Konuşmasına, kâinatı okumak fikrini tahlillerle anlatarak açıklamaya başladı. Kâinatı okumak demek, kişinin yaşamına, bilgisine, hayat adına biriktirdiklerine, iç dünyasına, kişiliğinde var olan meziyetlerinin bir bütünü olduğunun, bu yüzden herkesin okumasının farklı olacağından söz etti. Bir eğitimcinin, bir yazarın,  bir bilgenin, annenin, bir kralın okuması velhasıl yaşayan her bireyin okuması değişiktir diyordu Özdenören. Bu kalp gözüyle görmek  değil miydi? Kalpten geçirerek sözleri, gözleri,  nefesleri, öyle bakmak değildi de neydi? Hatıralarından kitaplarından kesitlerle dopdoluydu sunuş.  Sezai Karakoç’suz Rasim Özdenören konferansı ı düşünülemezdi, nitekim Sezai Karakoç’un kendi yazdığı bir cümle için; ’Senin bu cümlen için bütün şiirlerimi feda ederim.’ Dediğini  ‘Siz onun için aynı şeyi yapar mıydınız? Diye soran bir dinleyiciye:’ Yapardım ve yaptım da, ben Sezai ağabeyi tanıdıktan sonra 3 yıl hiçbir şey yazmadım ve bunu öğrendiğinde çok üzülmüştü,  desene sana kötülük etmişim’ dediğini anlattı. 
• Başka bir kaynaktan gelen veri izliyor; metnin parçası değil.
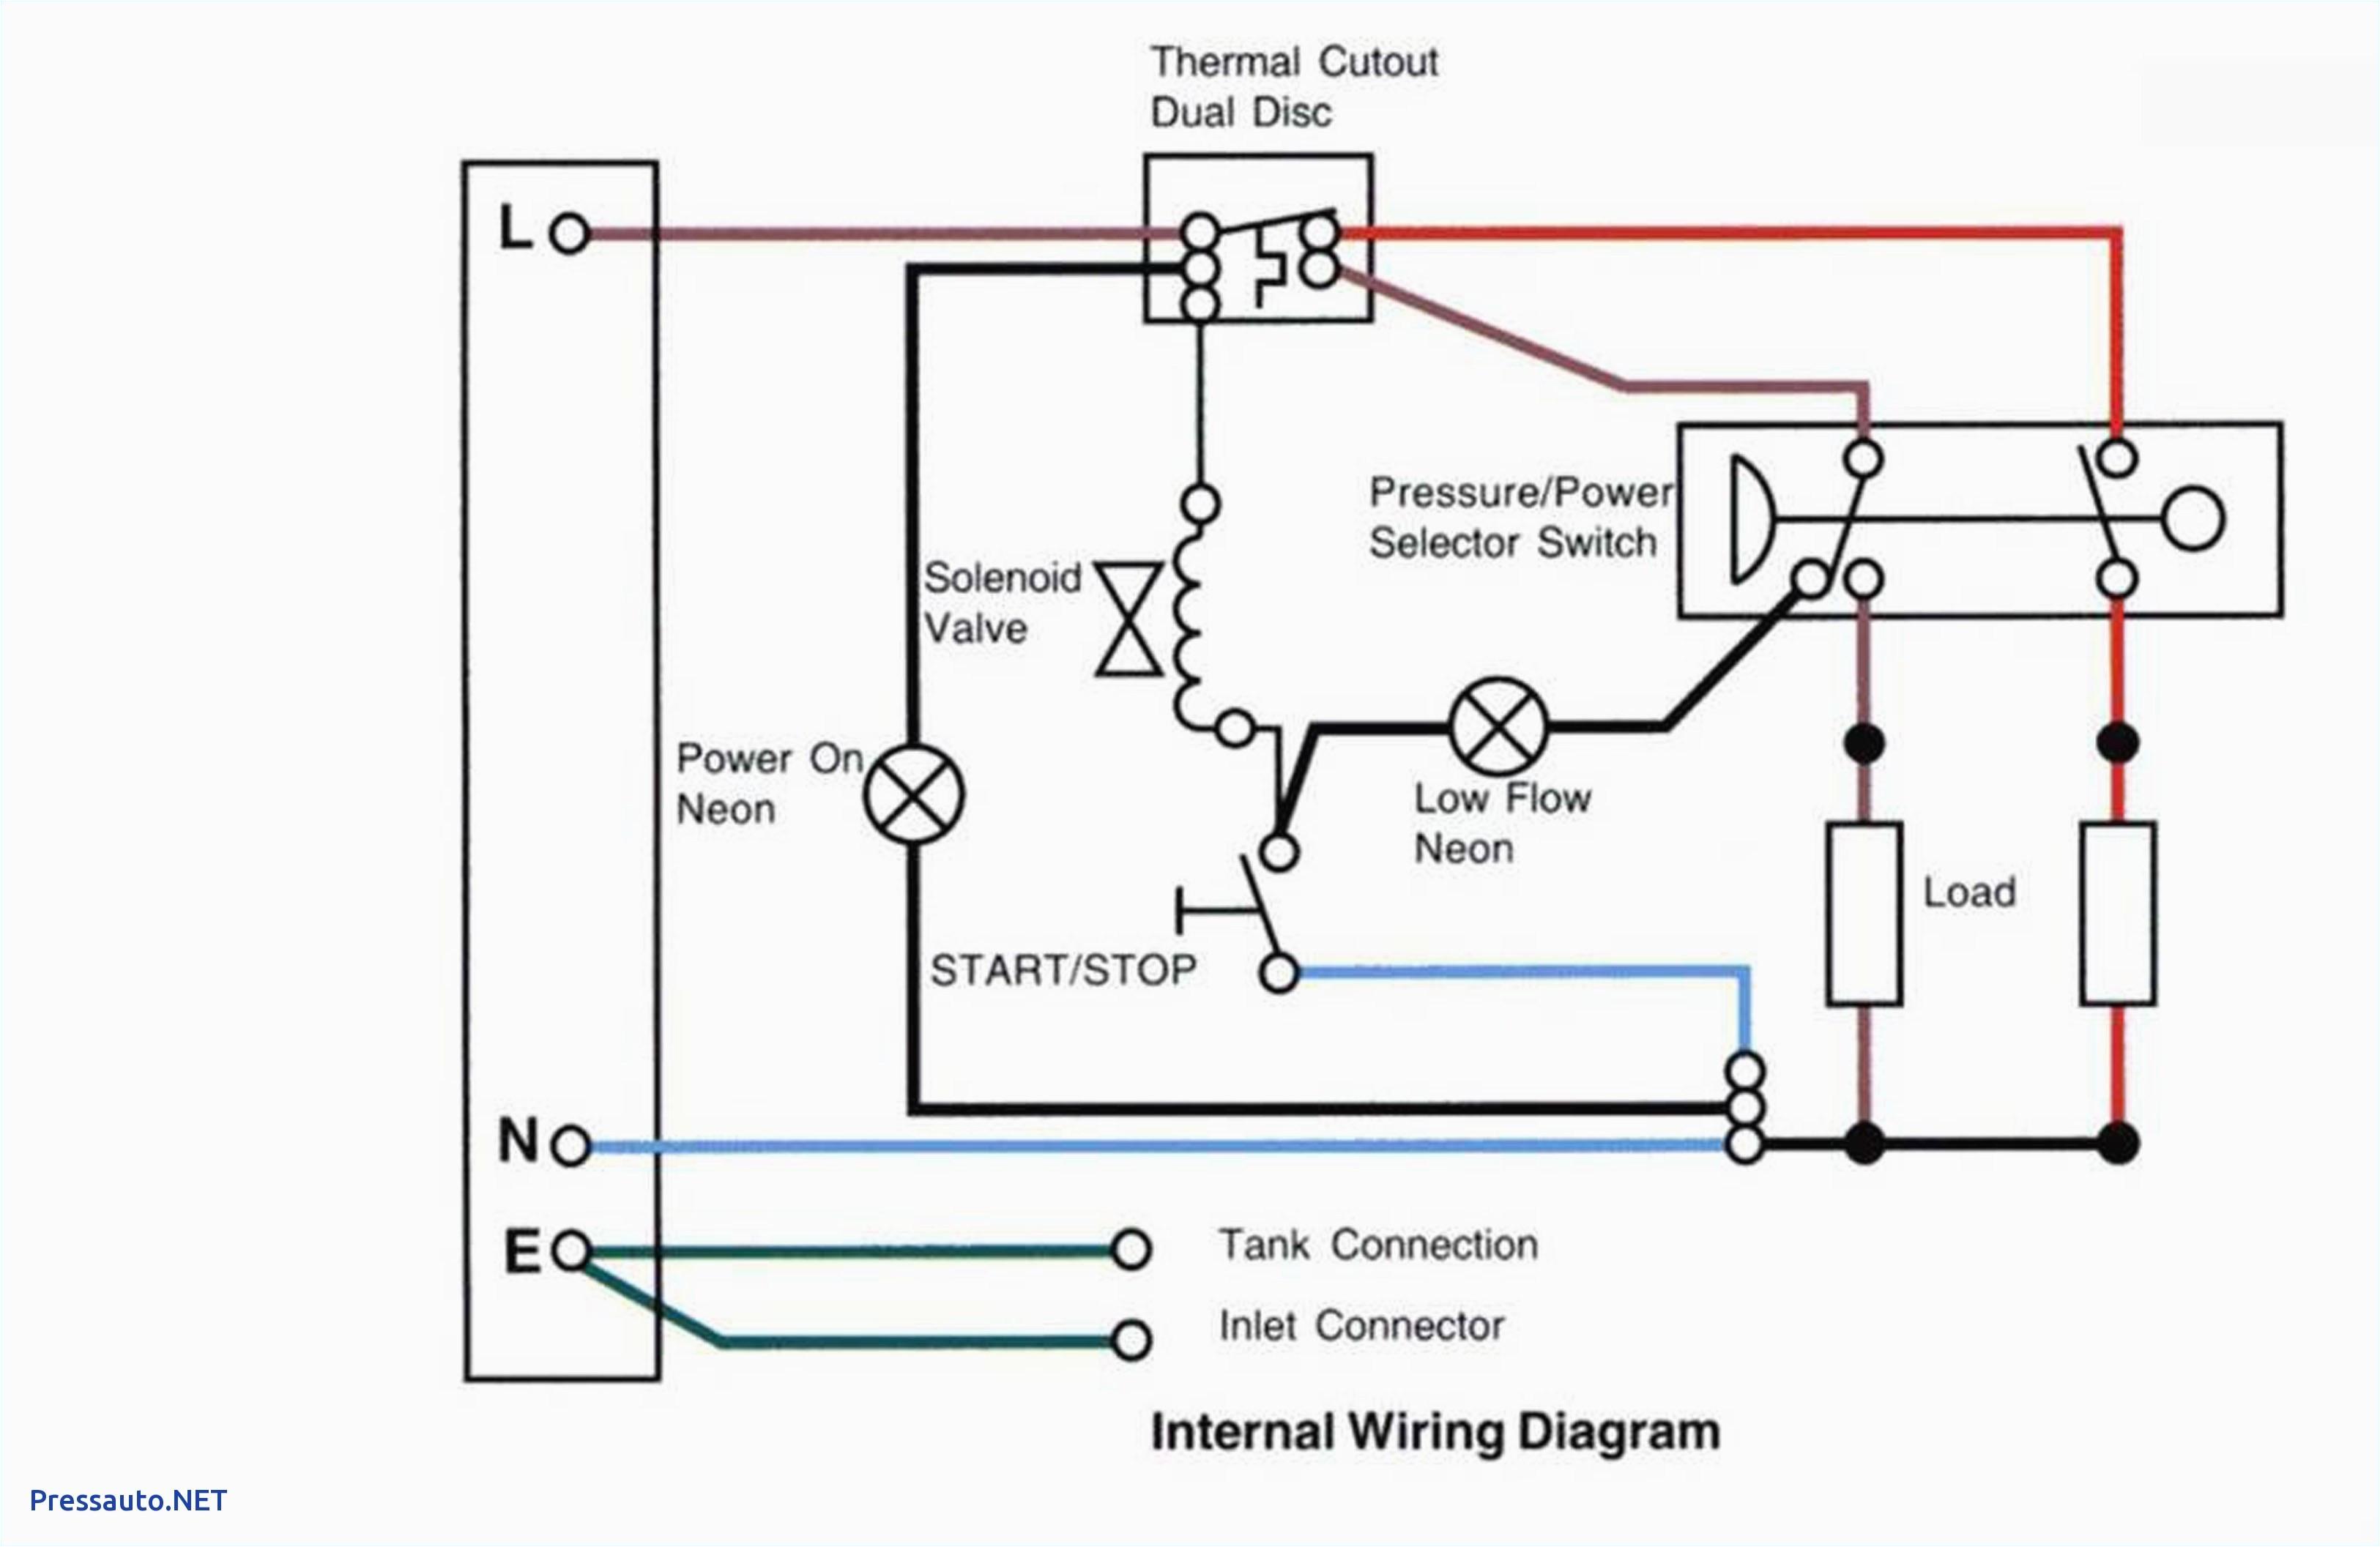 muncie pto wiring diagram wiring diagram articlemuncie pto wiring diagram wiring diagram ame muncie pto wiring

Kitaplarından alıntıladığı kesitler hayatından paylaştığı anılarla konferans bitmişti. İstemeyerek ayrılmak zorundaydım ben de birçokları gibi. 
Fakülteden ayrılıp başka bir mekânda gerçekleşecek olan Şehir Üzerine Söyleşiler üzerine yapılacak panele katılmak üzere vaktin geçmesini beklemeye başlamıştım.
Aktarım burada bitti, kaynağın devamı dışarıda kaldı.